Once you've added a new connection, you can access its parameters in your Jupyter environment through the SDK.

For more information about how to use connections in Python, see the OpenHEXA SDK documentation. For general information about connections, see the User manual.

Here's how you can access connection parameters using Python:

import os
from openhexa.sdk import workspace

print(workspace.get_connection("connection-identifier"))

Restart your Jupyter server¶

You might need to restart your Jupyter server in a few situations, such as:

Your server is completely stuck and restarting it is your last option

Unfortunately, restarting your Jupyter server isn't straightforward at the moment. We'll improve this in the future.

For now, you need to:

Open the JupyterHub control panel (File > Hub Control Panel—this opens in a new window or tab).
Find your server in the list of running servers. Each server in the list corresponds to a workspace. The server you're looking for is in the "running" state, and its name should match the URL in your browser address bar.
Click stop.
Close the Hub Control panel tab, go back to the OpenHEXA notebooks screen, and reload the page.

Tips and tricks¶

This section has a few recipes that you might find useful.

Use s3fs to interact with an S3 bucket¶

If you need to browse, download, or upload data in an Amazon S3 bucket, first add an AWS S3 connection.

Once you've added the connection, you can interact with the bucket in a Jupyter notebook.

While your OpenHEXA Jupyter environment comes with boto3 pre-installed, s3fs is easier for most operations (s3fs is also pre-installed in your environment).

Here is a basic example showing how to use s3fs in an OpenHEXA notebook:

import os
import s3fs

# The environment variable names can be copy-pasted from the connection detail page
fs = s3fs.S3FileSystem(key=os.environ["BUCKET_CONNECTION_ACCESS_KEY_ID"], secret=os.environ["BUCKET_CONNECTION_ACCESS_KEY_SECRET"])
bucket_name = os.environ["BUCKET_CONNECTION_BUCKET_NAME"]

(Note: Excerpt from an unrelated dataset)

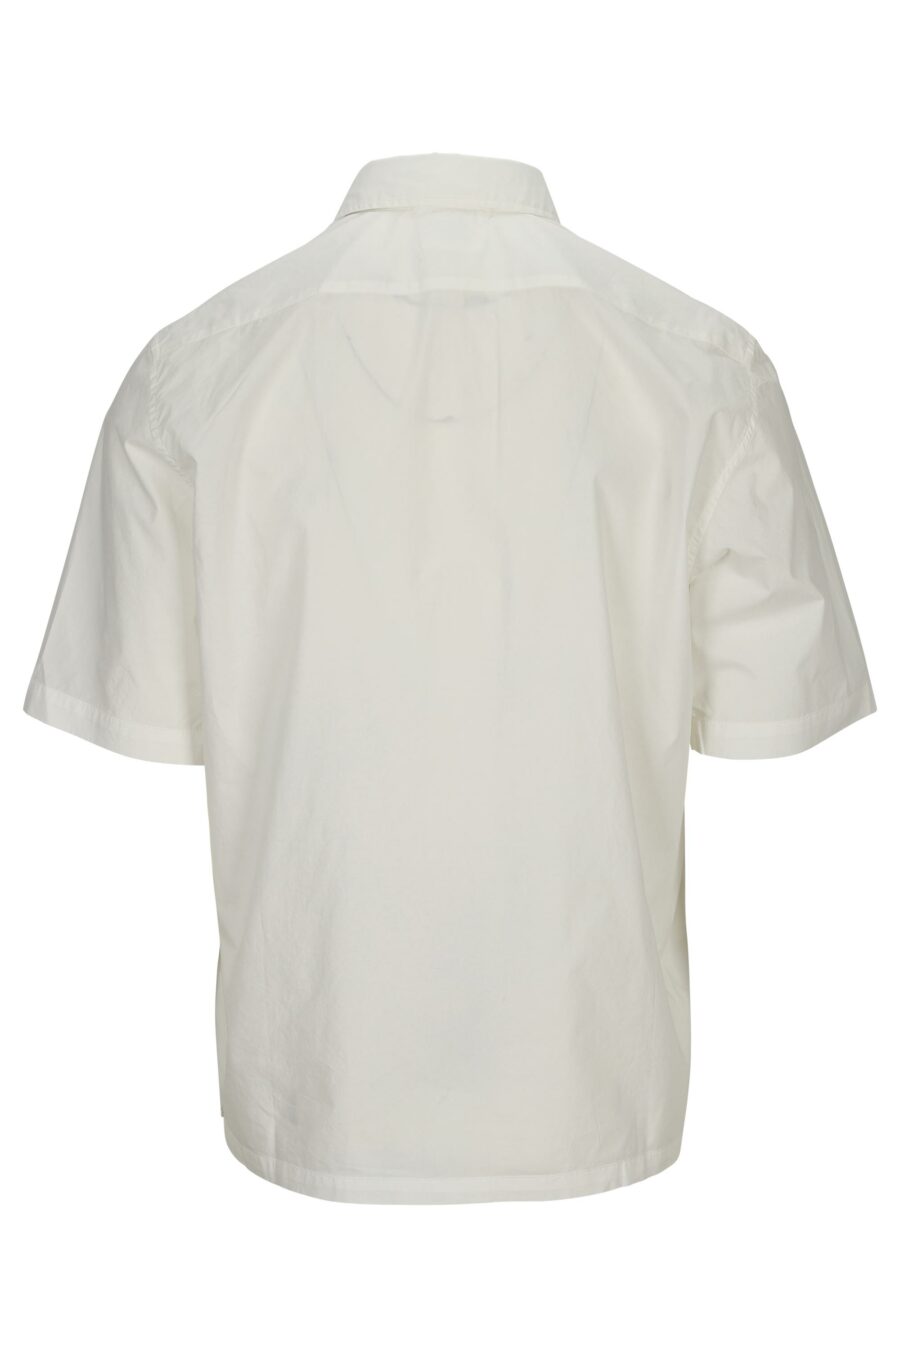 Chemise blanche à manches courtes avec poche et mini-logo - 7620943694826 1

# List the files in a directory within the bucket
fs.ls(f"{bucket_name}/data/climate")

# Download all the files from the bucket directory in the workspace filesystem
fs.get(f"{bucket_name}/data/climate", "/home/hexa/workspace/climate_data", recursive=True)

Use gcsfs to interact with a Google Cloud Storage bucket¶

If you need to browse, download, or upload data in a Google Cloud Storage bucket, first add a GCS connection.